Backed by an advisory panel of Palm Beach viewers, WPBT offered Jan. 23 to acquire WXEL for $200,000 and assume some or all of its liabilities, according to the Palm Beach Post. WPBT said it would probably simulcast its Miami signal in Palm Beach most of the time but would air separate local programming part of the time.
The Florida Board of Regents, which runs the state universities, expressed interest in taking over the station as well, and the Post editorialized against WXEL's "secret decision" to merge with Barry instead of talking with the public colleges.
Would-be suitors restated their case Feb. 25 before the state Board of Education, but it made no decisions. Its legal advisers will report back by March 11 on whether the Barry subsidiary is an "educational or noncommercial broadcasting entity authorized by the state of Florida" and therefore eligible to lease the state facilities, according to the board's counsel, Mike Olenick.
WXEL-FM/TV, a financially pinched pubcaster in West Palm Beach, Fla., signed
final merger papers Aug. 18 [1997] with Barry Telecommunications Inc., a nonprofit
subsidiary of private Barry University in Miami Shores, as proposed last winter
(Current, March 3, 1997). The FCC has approved transfer of the WXEL
licenses, and on Aug. 12 the Florida Board of Education approved transfer of
the state-owned WXEL building to the new nonprofit.

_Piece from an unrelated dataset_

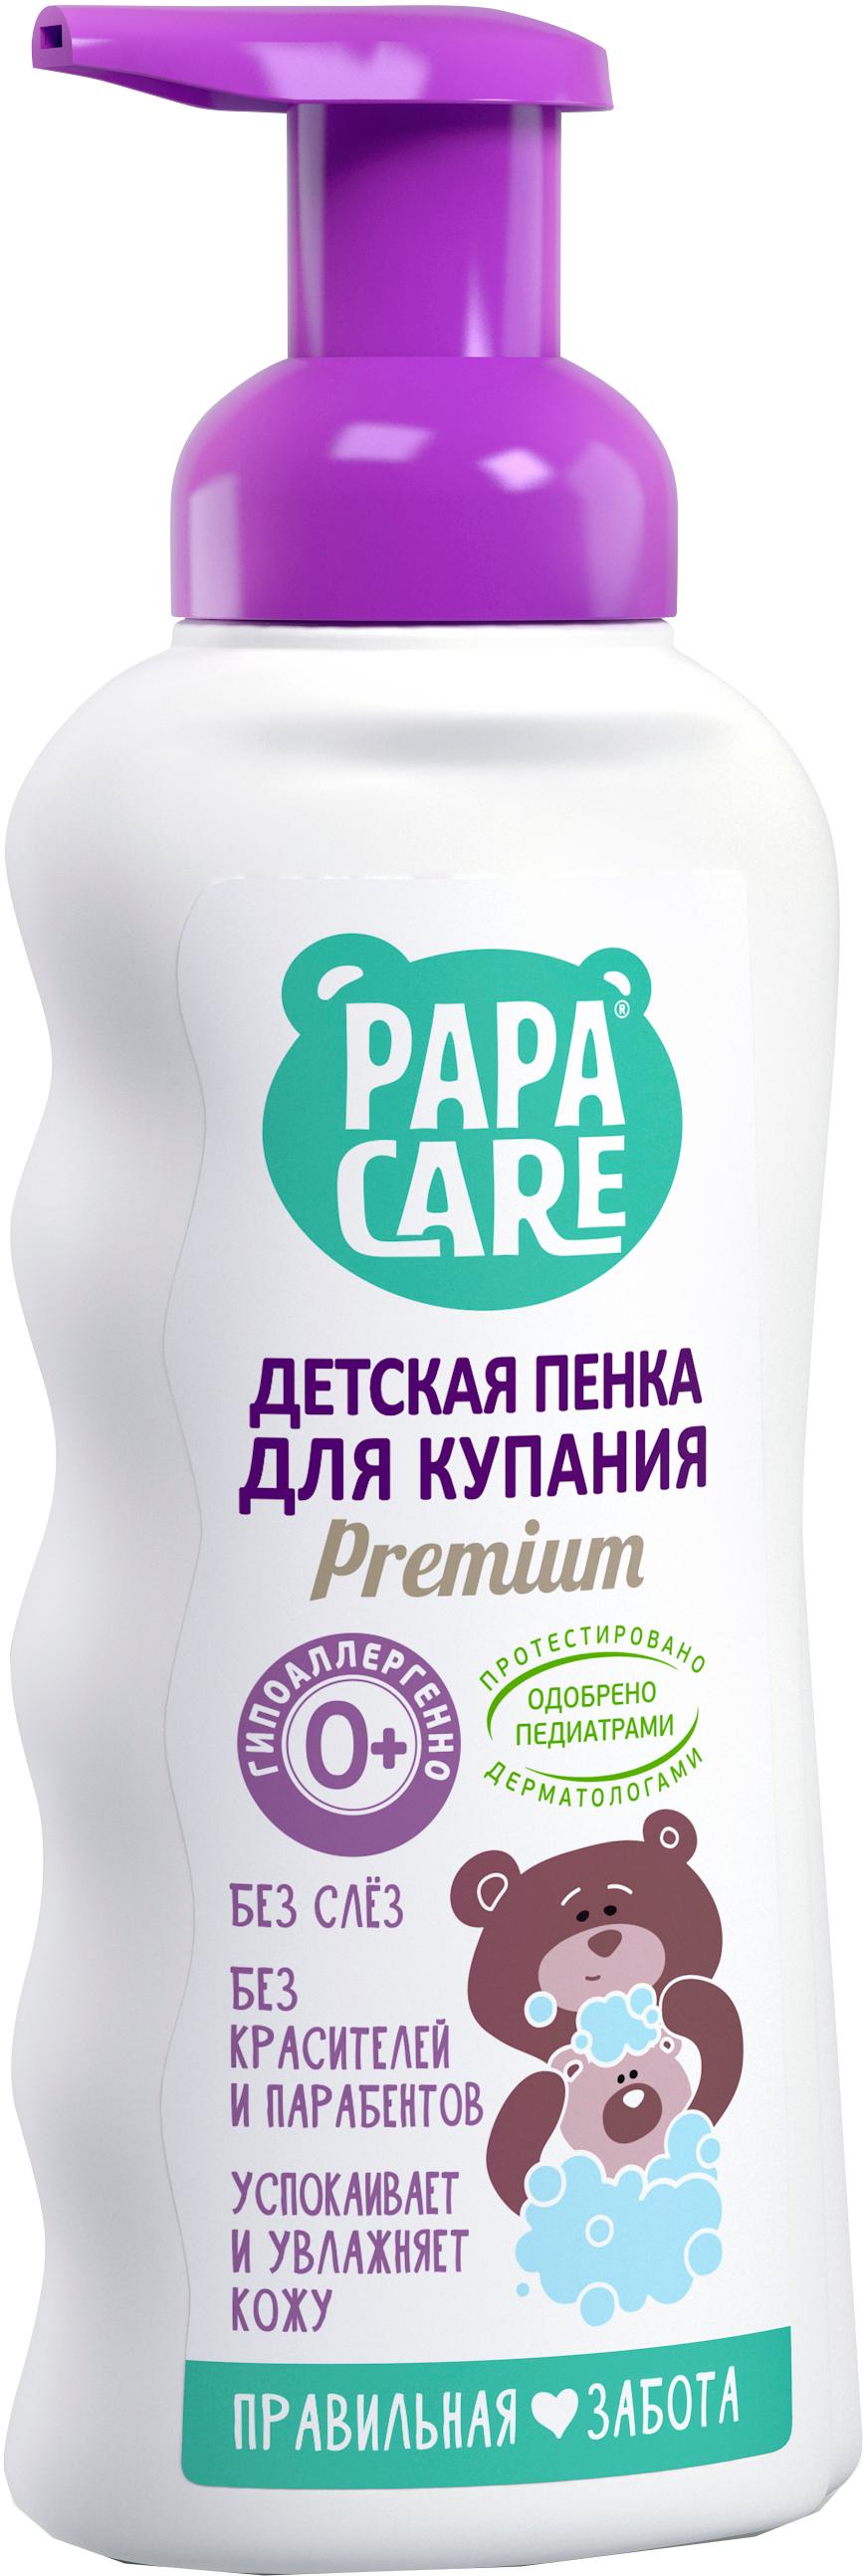 цены Пена Papa Care Papa Care 250 мл

That approval marked the end of unsuccessful attempt by state education officials to buy into WXEL. Barry has already invested more than $1.5 million in the station, and the state was trying to raise the same amount, according to university spokeswoman Michele Morris. Though the state legislature put up $500,000, the state was unable to raise the remaining $1 million.
Correction: Mileage between Barry University's campus and
the station is closer to 40 miles than the 65 miles cited in this 2004 article.